Mirko Lampis [*]
Resumen. En este estudio se analiza una obra de poesía contemporánea, Poemas de la muerte, del escritor español Lorenzo Higueras Cortés. Más concretamente, el análisis de la estructura, los contenidos y la dimensión intertextual de la obra conduce a una reflexión acerca de la recursividad de las tres nociones vida-muerte-poesía.
Palabras clave: poesía, intertextualidad, Poemas de la muerte
Abstract. This paper analyzes a work of contemporary poetry, Poemas de la muerte, by the Spanish writer Lorenzo Higueras Cortés. More specifically, the analysis of the structure, content and the intertextual dimension of the work leads to a reflection on the recursion of the three notions life-death-poetry.
Keywords: poetry, intertextuality, Poemas de la muerte
Hablar de un libro, de un buen libro, y, más concretamente, escribir acerca de un buen libro de poesía para explicar qué es, cómo funciona y por qué merece nuestro tiempo lo que en él y a través de él se dice, es, en definitiva, una extraña actividad que a veces, demasiado a menudo quizás, se reduce a mero bricolaje verbal, cuando no a parasitismo literario. Un buen libro de poesía hay que leerlo, hay que disfrutarlo. Y, como mucho, si el entusiasmo no da tregua, aconsejarlo y regalarlo a unos pocos amigos.Pero, por otra parte, también es verdad que los que amamos la literatura también acostumbramos disfrutar charlando de literatura. Por ello, me gustaría que estas líneas se tomaran por lo que en realidad son: una charla propiciada por la lectura de un buen libro de poesía, uno de aquellos que remueven a las entrañas y emocionan al intelecto. Una charla que sólo quiere reflejar, tan humildemente como me sea posible, mi propia experiencia e idiosincrasias de lector.

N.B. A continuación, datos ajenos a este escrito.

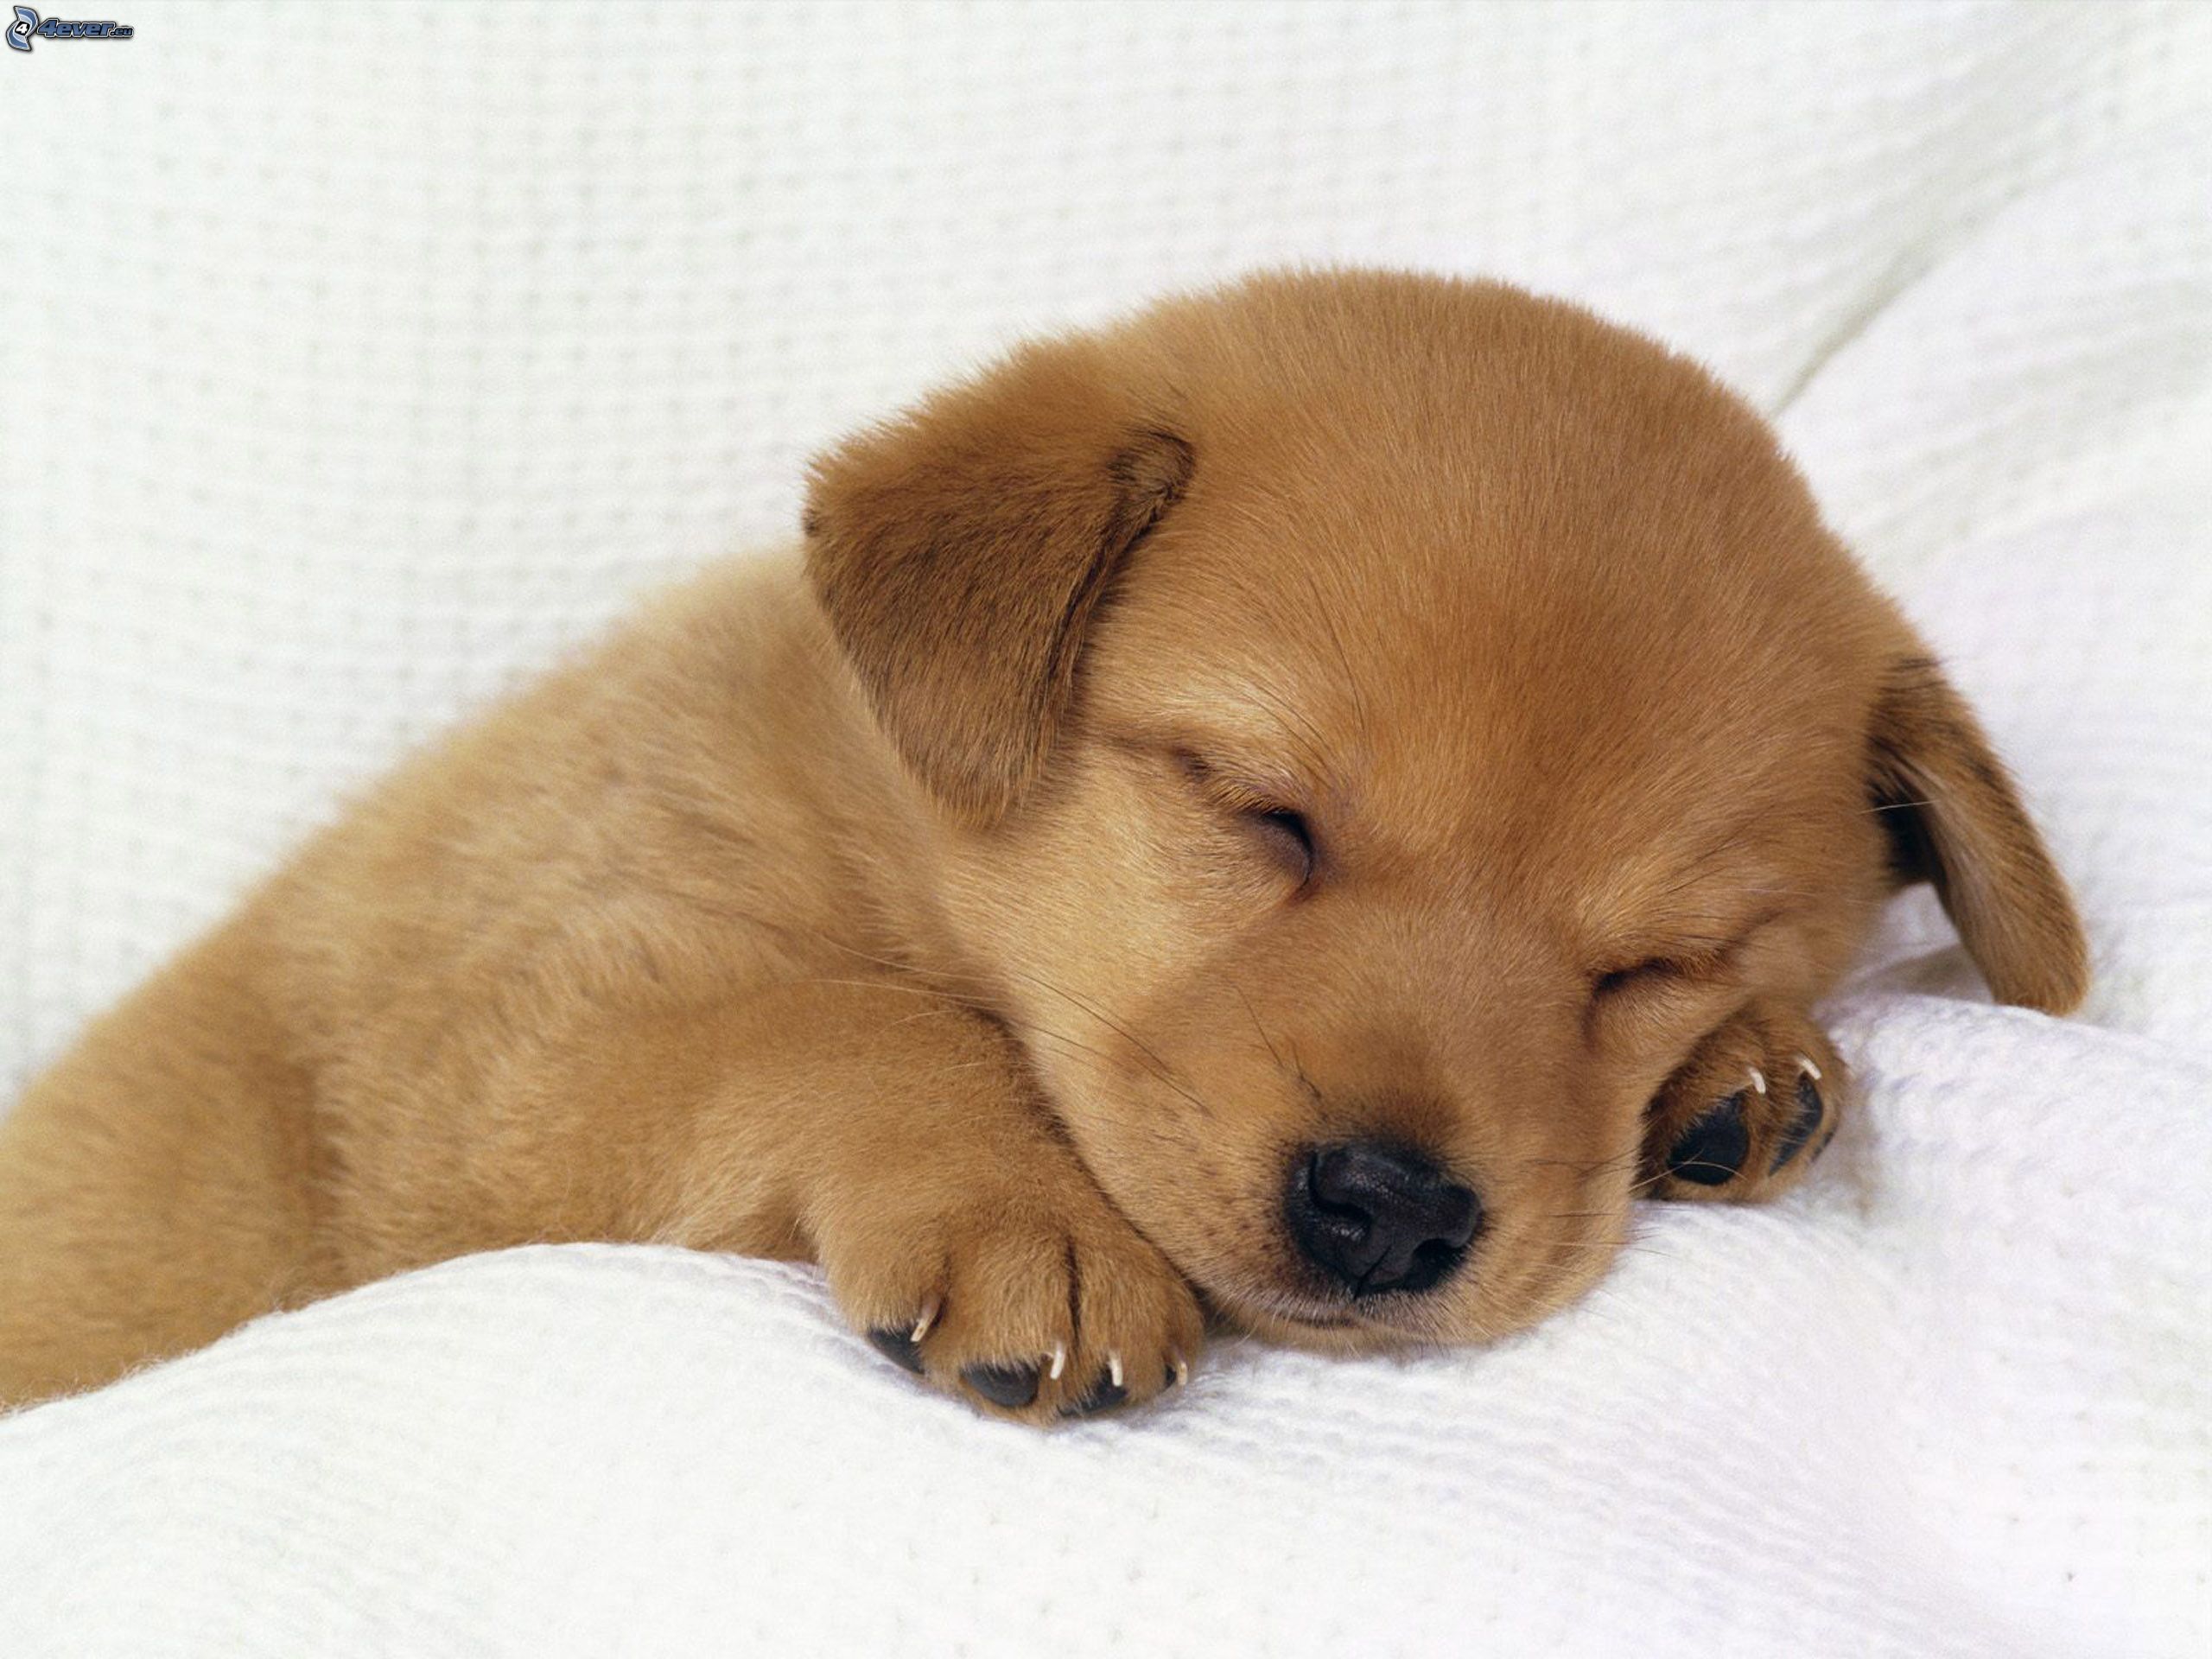 Cute Sleeping Golden Retriever Puppies. Baby animals picture, Puppies, Sleeping puppies

Poemas de la muerte, de Lorenzo Higueras Cortés (Granada, 1957-2014), es un libro concebido a partir de una refinada conciencia literaria y un hondo sentido de lo humano. Valga, por la refinada conciencia literaria, el extendido y evidente juego intertextual de las citas-epígrafes, acaso el más directo, inmediato y sencillo conectarse con el mundo de palabras del que venimos, que nos rodea y conforma y al que contribuimos con nuestras propias palabras. Y valga, por el sentido humano, la interrogación abierta hacia el fin que nos aguarda a cada uno de nosotros.
Muerte y Poesía. Es bien posible, al fin y al cabo, que hayan entrado de la mano en la vida y en las historias de nuestra especie (hará unos sesenta mil años, tal vez más, cuando las posibilidades de la creación y la conciencia del fin hicieron mella en, y trastocaron profundamente, el sencillo amoldarse animal a la vida); como también es posible que, antes de que apareciesen ellas, Poesía y Muerte, poco o ningún sentido tenga hablar de vidas humanas y menos aún de historias. Los Poemas de la muerte llegan así a nosotros desde un lejano origen.
Muerte y Poesía, como uno ya imagina bajo los auspicios del título, tan honesto como título puede ser y, sin embargo, ambiguo: ¿poemas que tratan de la muerte? ¿Poemas que pertenecen a la muerte? ¿Poemas dirigidos a la muerte? Sea como fuere, diríase que la importancia y pregnancia de la muerte confirman y aun refuerzan, tras el título, las sendas citas proemiales de Heráclito y Solón, en español, y de Séneca, en latín; citas que nos hablan de lo que es la muerte (Heráclito), de lo que es conveniente dejar tras la muerte (Solón) y de lo que es la vida dominada por el miedo a la muerte (Séneca) y que también, o sobre todo, preanuncian, en lo que se refiere a la forma, a la expresión, a la forma de la expresión, el estilo sentencioso, aforístico y epigramático de la mayoría de los poemas que el libro nos ofrece.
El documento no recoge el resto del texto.